11) Progression Maps and State Milestones
Treat state as a roadmap. Sketch a progression strip from Prologue → Midgame → Endgame with 3–5 milestones. For each, write a paragraph: narrative cause, physical manifestation, mechanical effect, cultural interpretation, and assets touched (textures, meshes, rigs, FX). Identify one poster pose per milestone for trailers and press kits, and flag one figurine‑ready moment with stable base contact points and readable negative spaces. Production should version assets with clear suffixes (charA_v03_state02) so capture and marketing can request exact beats.
12) Ethical Framing and Inclusive Representation
Injury and augmentation intersect with identity. Avoid fetishizing pain or disability; portray prosthetics and mobility aids as integrated, dignified tools with their own aesthetics and maintenance states. Provide accessibility skins that communicate function without graphic gore and ensure that color‑blind simulations preserve the separations you rely on. When drawing from specific cultures for repair motifs or ritual marks, cite sources and consult; avoid treating sacred symbols as generic patterning.
13) Handoff Packages: Making States Usable
Deliver states with a compact bible: overview sheet (intent, culture notes), callout paintovers for each layer, mask previews (greyscale thumbnails named), material tables (albedo/roughness ranges), and a capture kit (approved angles, lens suggestions, lighting recipe). Include scale witnesses (rulers, stitch-per‑cm notes) so physical merch can reproduce details accurately. For production, provide look‑dev presets and default parameter ranges; for concepting, keep a small library of brush stamps or decals that match the doctrine so late‑stage fixes remain on‑style.
14) QA for Continuity and Performance
Before lock, run a continuity pass: does the scratch on the vambrace “travel” through shots with consistent orientation and depth? Do reversible layers actually come off cleanly, or do ghosts remain in roughness? Does the splint impede the same ROM in all animations? Then run a performance pass: are mask blends causing banding at low bitrates? Do added geometry and cloth sims stay within budgets at LODs? Are print extractions free of moiré or crushed darks? Document any compromises so narrative, capture, and merch teams share the same expectations.
15) Practical Patterns You Can Reuse
When in doubt, apply these repeatable patterns. Echo and escalate: repeat a repair motif (blue sashiko) and escalate thread weight or density after each major trial. Contrast and resolve: introduce a mismatched upgrade from an ally faction, then resolve it with a hybrid piece that marries both aesthetics near the finale. Mark and mourn: add a small, culturally correct mourning tag for a chapter—then retire it in a ritual scene, leaving a faint stitch shadow as a memory. Each pattern gives players a way to read time on the body, and gives production a predictable plan for masks and materials.

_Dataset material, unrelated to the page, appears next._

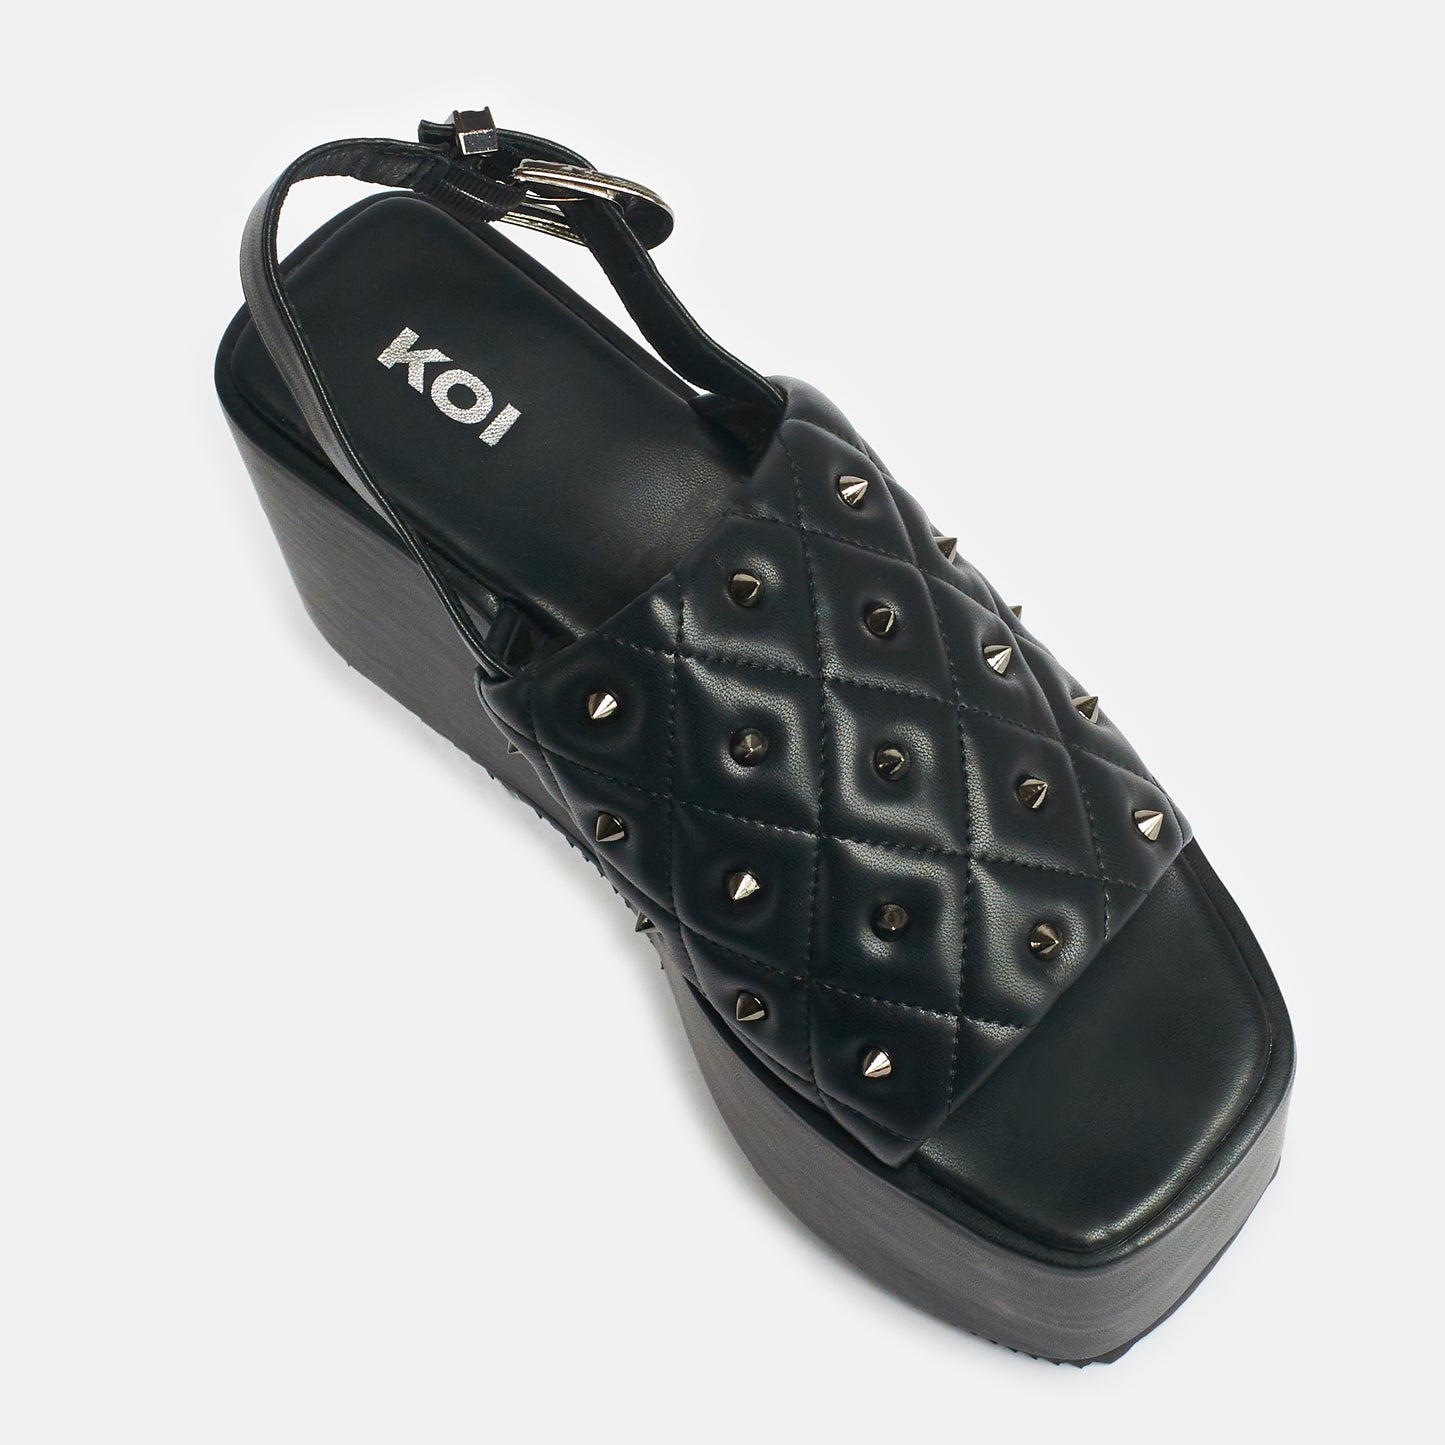 Imperial Web Mega Platform Sandals - Sandals - KOI Footwear - Black - Top View

16) A Simple Weekly Practice Loop
Build a rhythm: pick one character per week and do a three‑state strip (pristine, midway, climax) with notes on time layers, culture voice, and technical toggles. On Friday, translate your notes into parameterized masks and a one‑pager capture kit. Over a month, you’ll seed a reusable library of repair doctrines, decal sets, and upgrade sockets that accelerate future briefs and keep the ensemble coherent.
Outcome: before/after states become a disciplined narrative system instead of scattered grunge. Your characters will carry time honestly, speak with a culture‑rooted voice, and remain technically robust across concept, production, capture, print, and figurines—so that what players feel in motion matches what they hold in their hands.